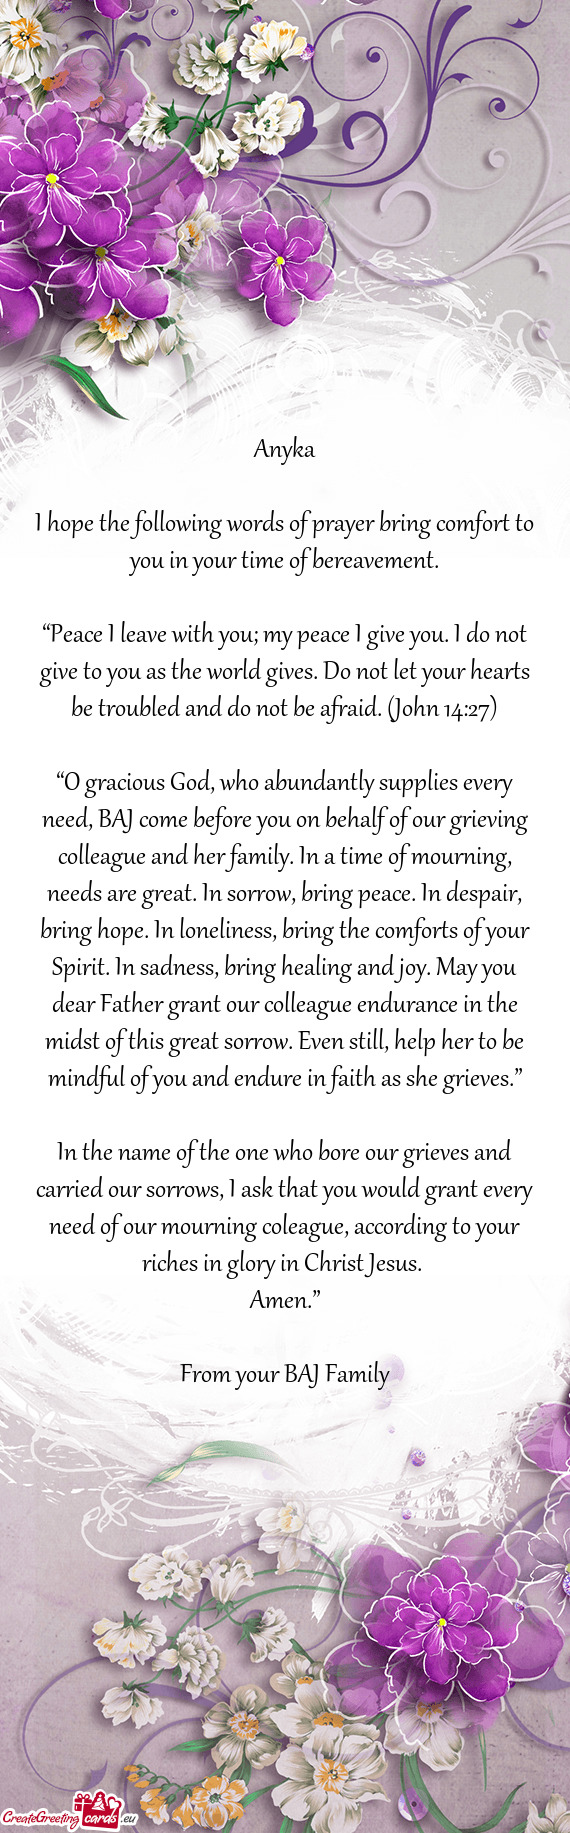 I hope the following words of prayer bring comfort to you in your time of bereavement
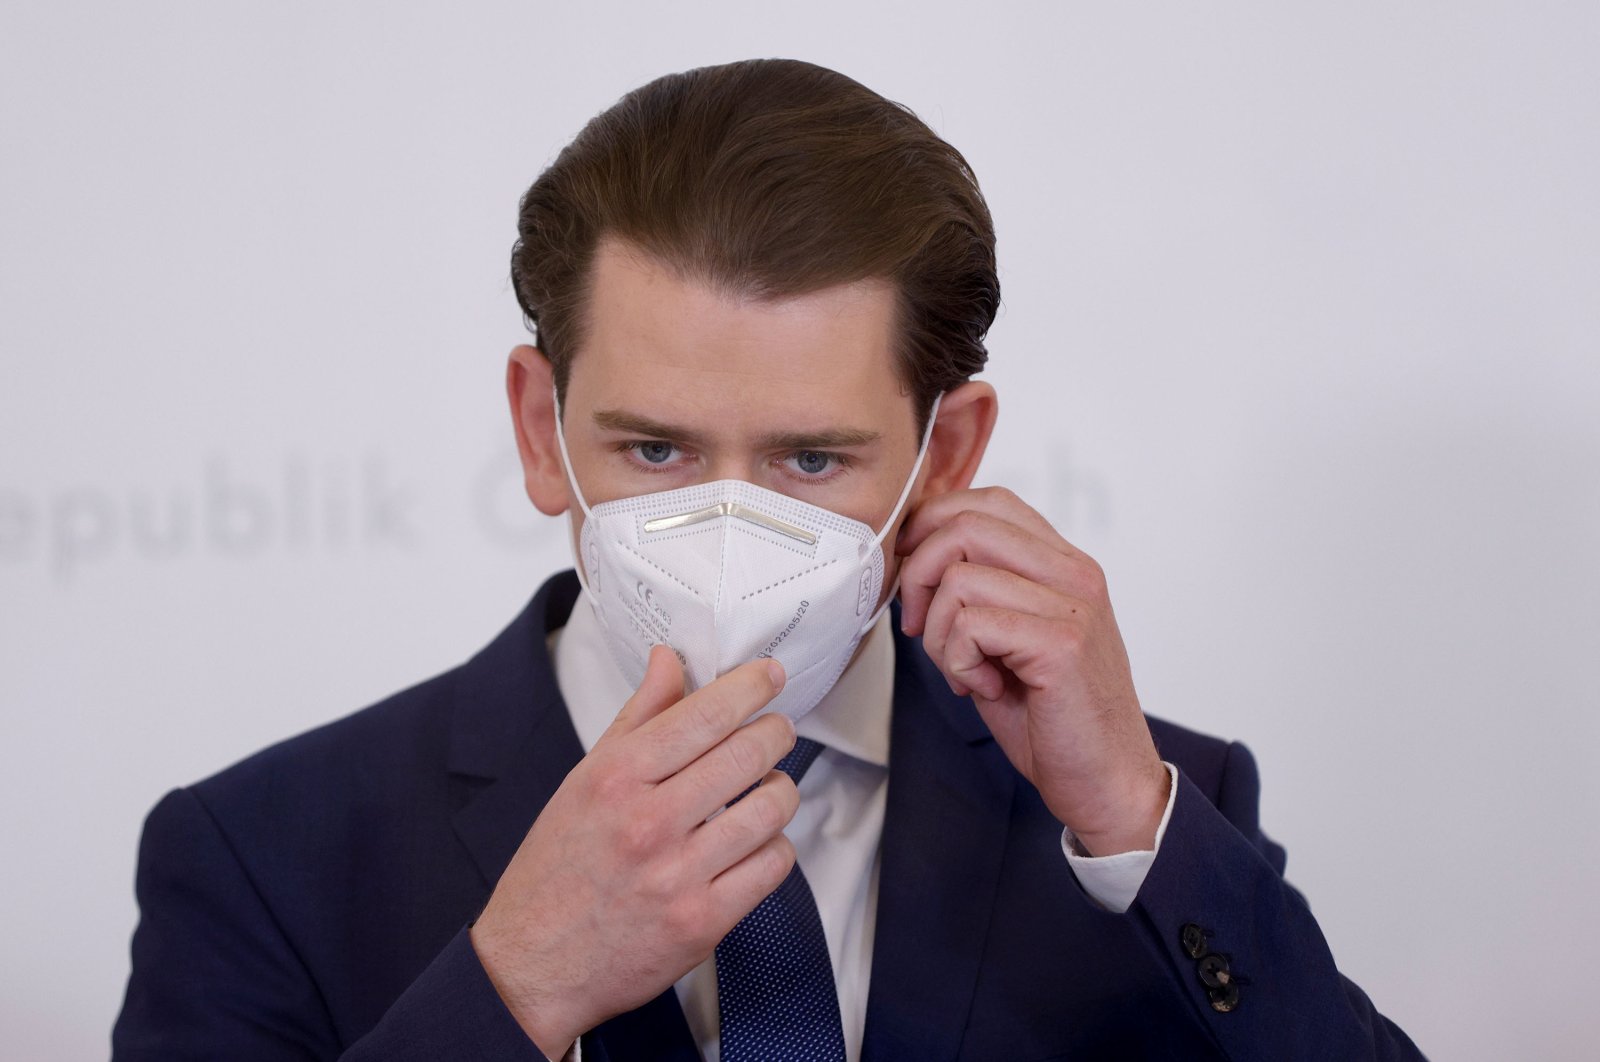 Austria's Chancellor Sebastian Kurz arrives for a news conference, as the spread of the coronavirus disease continues, in Vienna, Austria, May 28, 2021. (Reuters Photo)
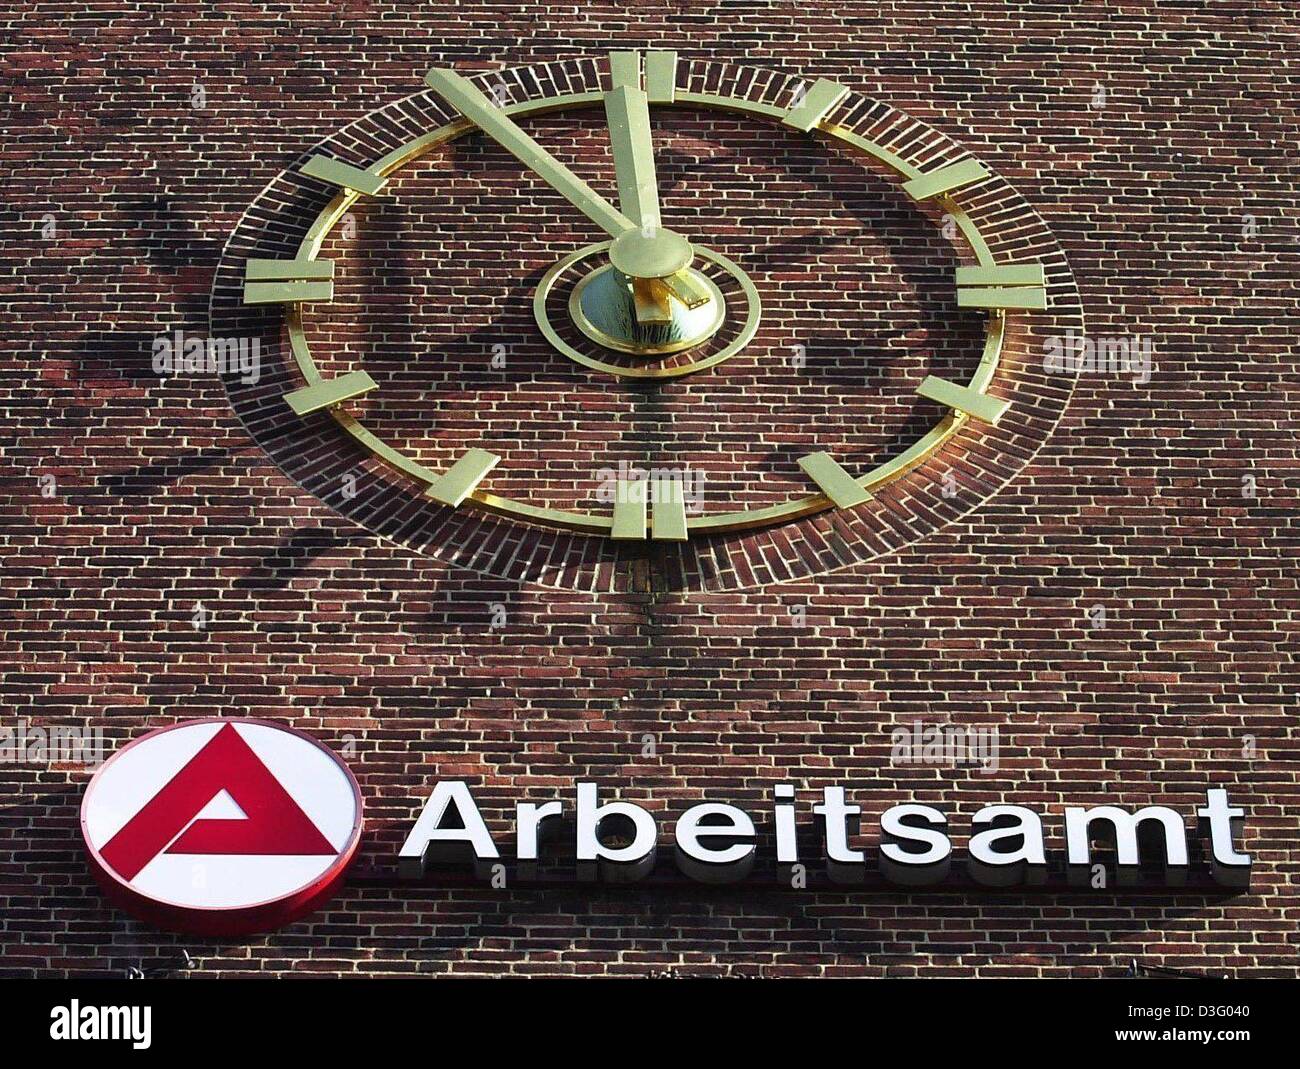 (dpa) - Five to twelve: The huge clock at the 'Arbeitsamt' (job centre) symbolically shows that it is high time, Hamburg, 24 February 2003. Stock Photo

» Task to carry out: Word for word, print the material above, but without its pictures.

» Task answer:
 I hope the following words of prayer bring comfort to you in your time of bereavement
 Austria's Chancellor Sebastian Kurz arrives for a news conference, as the spread of the coronavirus disease continues, in Vienna, Austria, May 28, 2021. (Reuters Photo)
 (dpa) - Five to twelve: The huge clock at the 'Arbeitsamt' (job centre) symbolically shows that it is high time, Hamburg, 24 February 2003. Stock Photo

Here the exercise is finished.